Now, about those food stalls.  There’s a good variety of grub on offer to cater for most tastes at the usual festival prices.  A decent meal cost no more than you would pay for the equivalent at a local takeaway restaurant.   On this occasion I was tempted over to Northfield Farm hot food stall.  The steak burger I had was superb.

I also highly recommend the Vegetarian and Vegan stall.  The food was top notch, but the coffee was excellent and you got a discount if you used your own reusable flask.  Nice!  The festival itself has been recognised for their ethical and environmental values and were awarded Outstanding status in the A Greener Festival Award in 2018.  Another reason to love Cambridge Folk Festival.

I took the aforementioned steak burger over to sit and eat in the shade of The Club Tent where Feis Rois were playing their blend of trad folk and beautifully sung harmonies.  I had a really lovely time people watching and having a sway while eating good food.

Time to take it back up a notch before I got too comfy, so back to Stage 2 I went.  Nick Mulvey was this year’s guest curator and one of his band choices were Fofoulah.  Traditional Sabar drumming, dub basslines and electronica merge to form this leaping and bouncing afro-dub explosion.  Standing and watching was not an option because dancing was mandatory.  They certainly got the blood pumping.

After Fofoulah I was straight off to Stage 1 for Gruff Rhys.  Opening with “Frontier Man”, his deep, gruff voice and gentle folk/country/rock songs were a salve.  Sitting in the main arena while he and his band played was a perfect moment to sit, to listen and just be.
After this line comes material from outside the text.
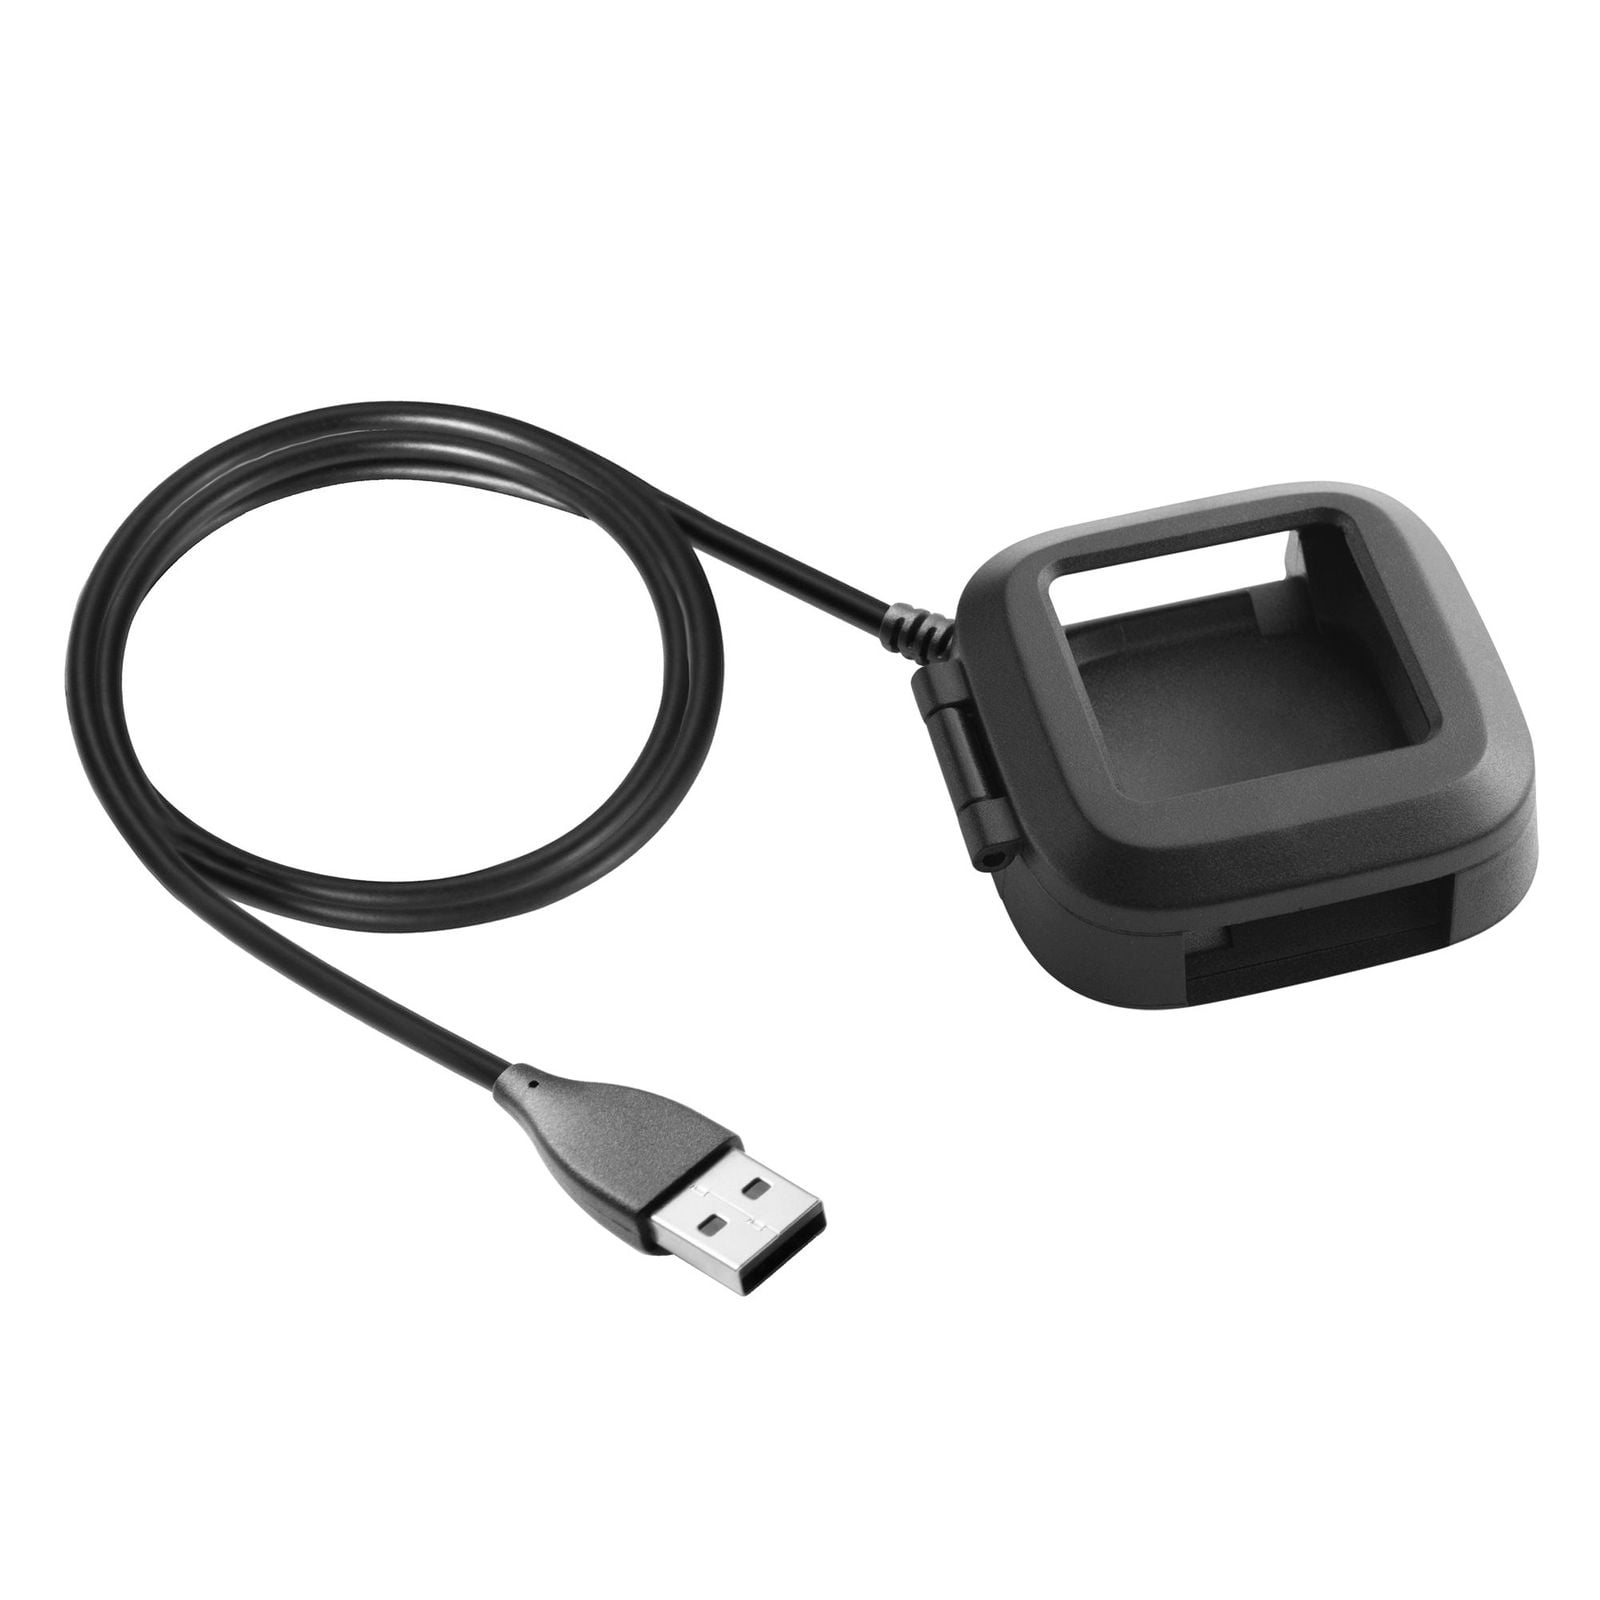 USB Cable Dock Adapter Cradle Charger Holder For Fitbit Versa&Versa 2 Lite 
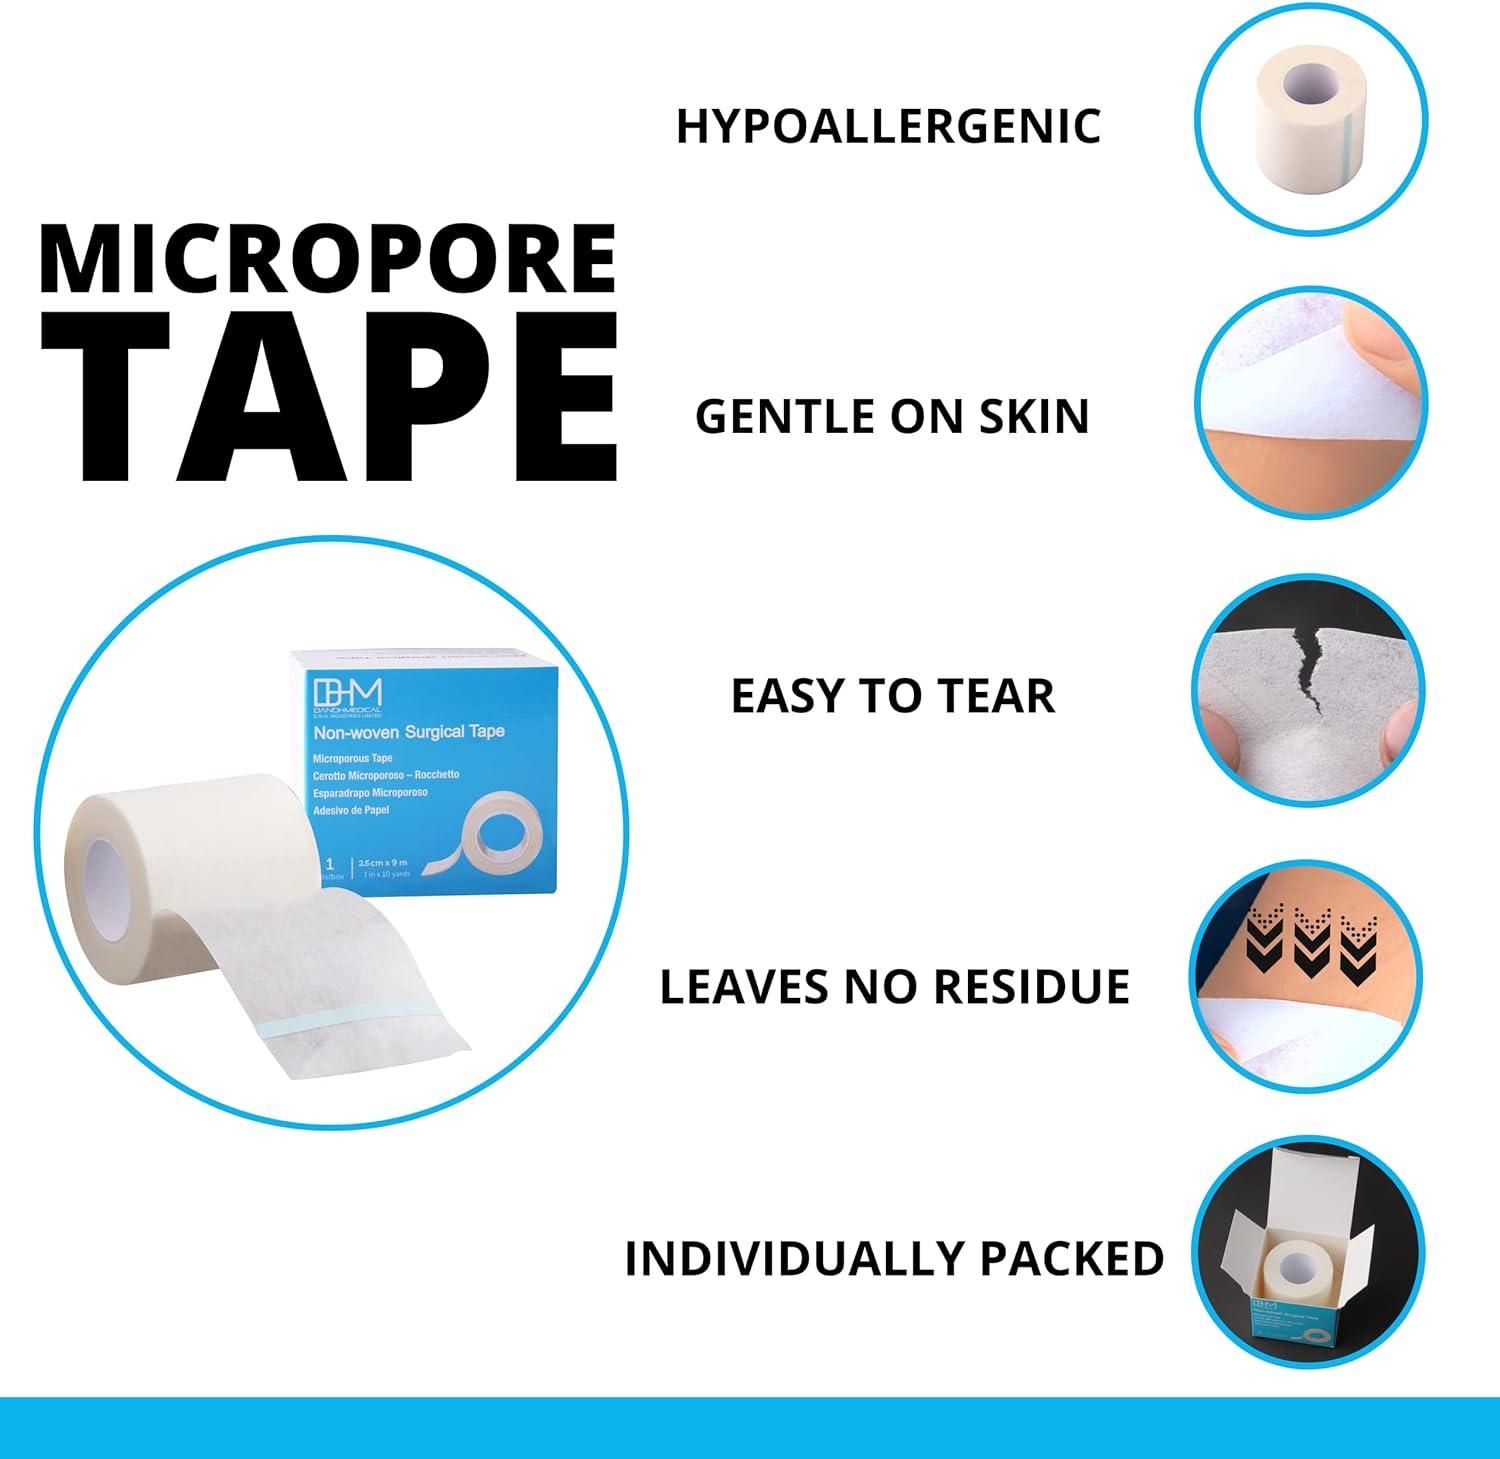 Paper Medical First Aid Surgical Tape 1 x 10 Yards [Pack of 12 Rolls] Lightweight Breathable Microporous Self Adhesive Latex Free Hypoallergenic

One act I was really looking forward to seeing as I’d heard a lot of good things, was the guest curator himself, Nick Mulvey.  Wow.  Just wow!  This man has talent in spades.  Standing on stage, just him and a collection of guitars, a band accompaniment was not needed.  His visual lyrics were just gorgeous and his persona on stage was utterly adorable and completely charming.

Actively asking for and receiving gleeful audience participation, his set was a tremendous amount of fun.  Sitting just outside the main tent, I was floating on a cloud of acoustic beauty on a sunny summers evening.  A beautiful man singing beautifully crafted songs, he and his music were a pleasure to behold.  Yes.  I am now completely smitten.

Appearing on stage after the incredibly awesome Nick Mulvey was the country legend that is Grammy award winner, Lucinda Williams.  For me, this was another pinch myself moment.  Cambridge Folk Festival really do manage to pull some big names from the worlds of folk and country music and Lucinda Williams lived up to her reputation as a country/blues/Americana star.  I was entranced by her outstanding performance and pure country voice.  Absolutely captivating.

Sunday 4th August

Sunday began with excellent coffee and another wander.  This time I didn’t get far because Roo Panes was sharing his enchanting folk songs with the good people at Stage 1.  My meander was slowed and came to a full stop when I was within proper listening distance.  But I had to rouse myself from the spell I had been cast under because Dylan Menzies was about to take to Stage 2 and he was an artist who had piqued my interest in the programme.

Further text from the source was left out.